Aquella rara punta de ironía dibujó una señal de alerta en el ánimo de Simone. Aquel comentario no se diría propio del Lazarus que conocía. Aunque, a decir verdad, si algo estaba claro es que no lo conocía en absoluto.

– Intuya lo que quiera -replicó fríamente.

– Bien. En ese caso, antes de que acuda a las autoridades, para lo cual tiene mi venia, permítame que complete las piezas de la historia que sin duda usted ha hilvanado ya en su mente.

Simone observó la máscara, pálida y desprovista de cualquier expresión. Un rostro de porcelana del que emergía aquella voz fría y distante. Sus ojos apenas eran dos pozos de oscuridad.

– Como verá, apreciada Simone, la única moraleja que se puede sacar de esta historia, o de cualquier otra, es que, en la vida real, a diferencia de la ficción, nada es lo que parece…

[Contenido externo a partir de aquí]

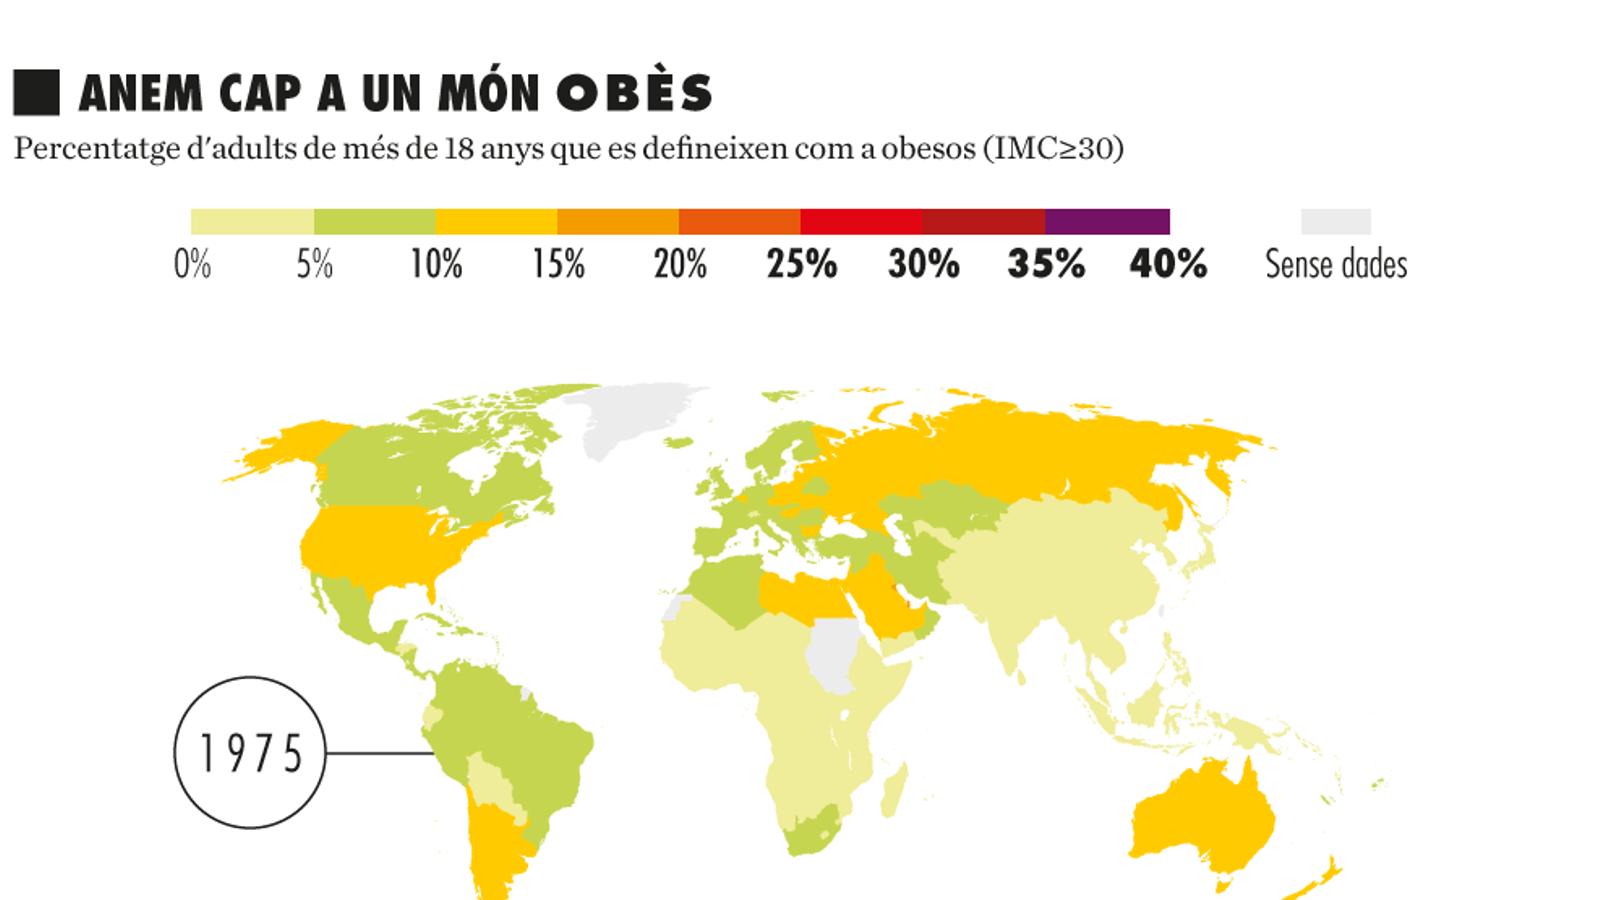 Obesitat i sobrepès: l'altra malnutrició

– Prométame una cosa, Lazarus -lo interrumpió ella.

– Si está en mi mano…

– Prométame que, si escucho su historia, me dejará marchar de aquí con mis hijos. Yo le juro que no acudiré a las autoridades. Tan sólo cogeré a mi familia y abandonaré este pueblo para siempre. No volverá a saber de mí -suplicó Simone.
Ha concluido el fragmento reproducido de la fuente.